Mystery has always been important to your music. Is that harder to maintain these days because of the Internet? I’ve never thought about it. I don’t own a computer. I’m still rather old-fashioned. I tend to look things up in a giant encyclopedia or a dictionary. I’m a very tactile person. I like the feel and smell of things. I have quite basic animal instincts in that way. I don’t respond to machines and man-made plasticky things.
The village of Abbotsbury in Polly Jean Harvey’s home county of Dorset, England, is just north of the Jurassic Coast: 95 miles of beach and cliff face spanning 185 million years of shifting geology. It’s a good place to meet and talk about White Chalk, her radically different seventh album, a haunting record that doesn’t seem of this era. Wearing a white blouse and a black leather jacket in the dark corner of a local pub, Harvey is neither the Victorian waif pictured on the cover of White Chalk nor the hair-raising banshee of her earlier records, but a reserved 38-year-old who speaks the way she pours her tea: very carefully.
You were living in Los Angeles for a while, but this place couldn’t be more different. I get a bit restless being in one place for any length of time. It’s very unhealthy for the creative process. I haven’t been in L. A. for a couple years. I’m already thinking about moving again—I might go somewhere next year and see what that brings.
Are you ever entirely happy with an album? I think that’s only happened three times: this album, Is This Desire?, and To Bring You My Love. I felt those three records absolutely achieved my vision at the time. Stories From the City, Stories From the Sea [winner of the Mercury Prize in 2001] was an experiment—I wanted to make a record of great pop songs I could dance about to. But I didn’t find my soul was engaged in that type of songwriting.
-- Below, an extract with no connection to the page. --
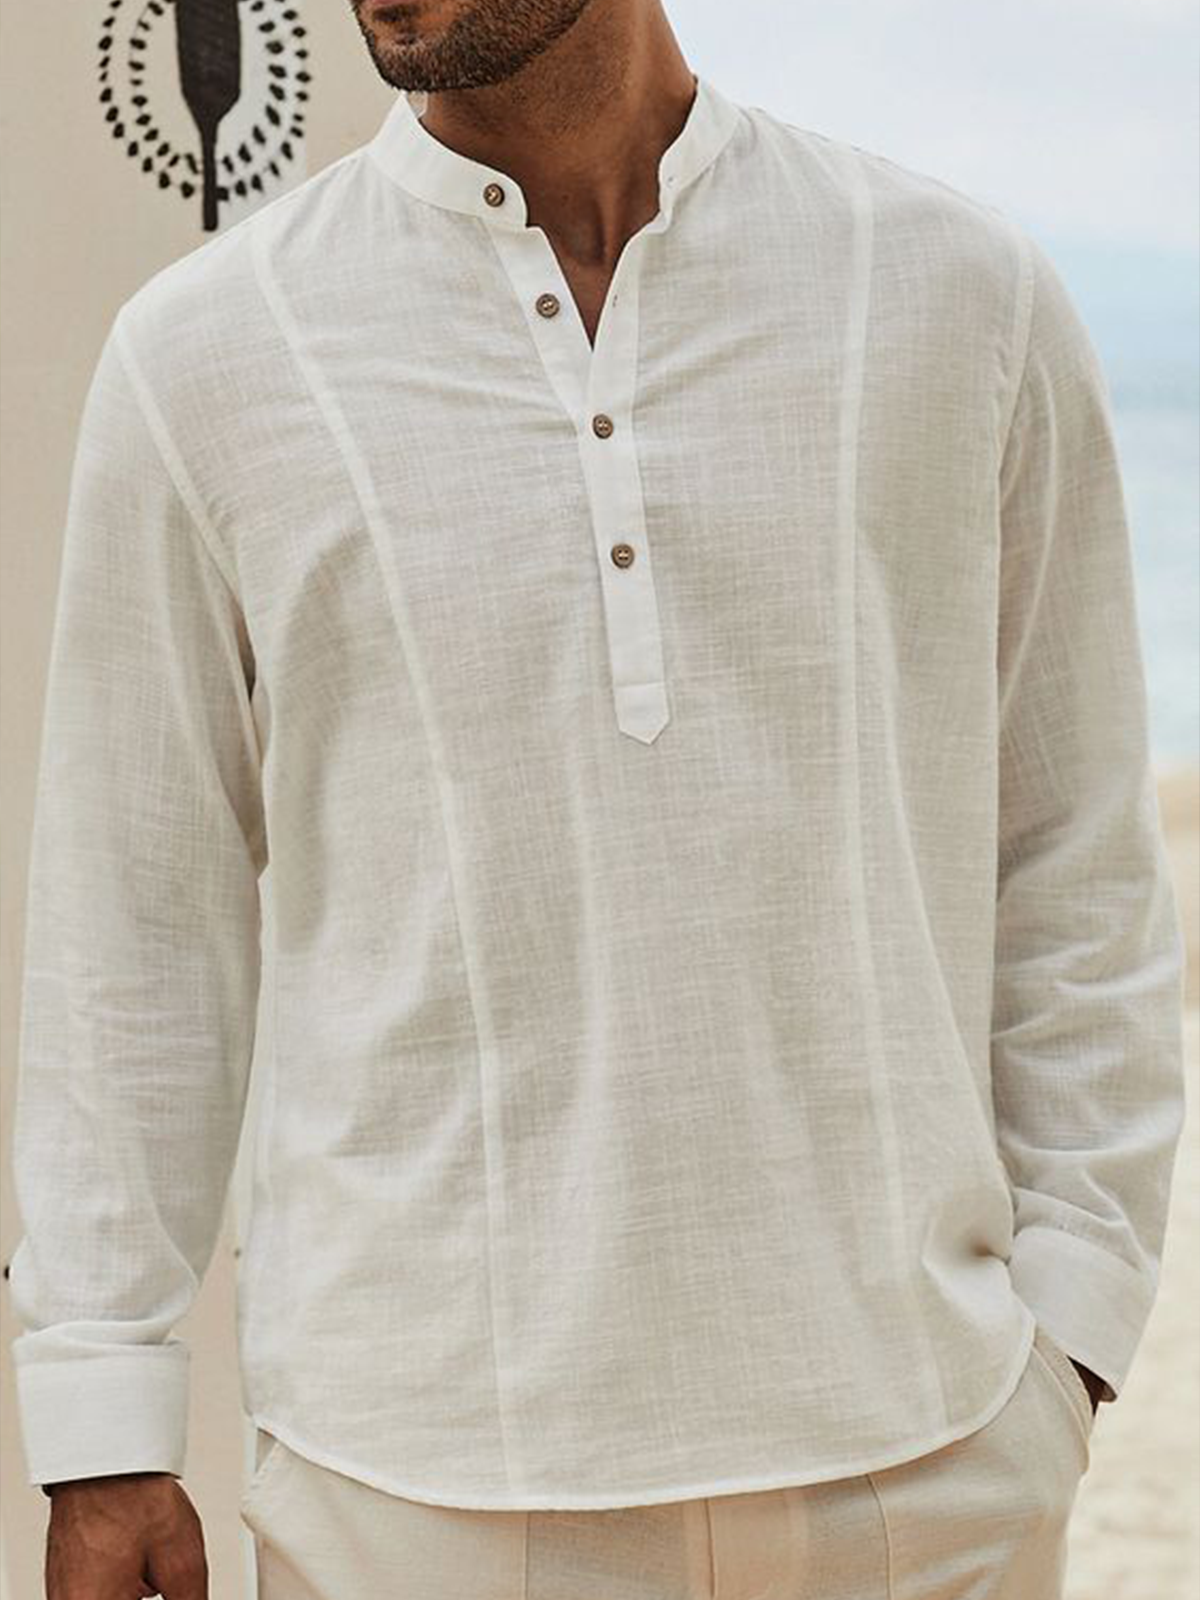 Hardaddy Plain Cotton Long Sleeve Casual Shirt

White Chalk uses piano instead of guitar, and even your voice sounds different. Were your trademark sounds beginning to feel like a trap? I don’t know if I would describe it as a trap, but I try not to repeat myself. I’m just not interested in doing things that are comfortable. I can write PJ Harvey albums until the cows come home, but that doesn’t interest me. I had to write 50 or 60 songs to get 11 good ones that sounded different. I’d rather write a not particularly strong record that sounded different than a bunch of strong songs in the same old way.
Do you always have a few possible future directions in your head? Oh yeah. At any one time I have maybe 50 different albums in my head. My only frustration comes from having to choose very carefully what I do, because I’ll never get everything done in my lifetime. I write so many songs I really like, but they’re nothing new, and I don’t feel that the world needs any more of the same. Maybe after I’ve died, they’ll release them all. While I’m around, I have quite good quality control.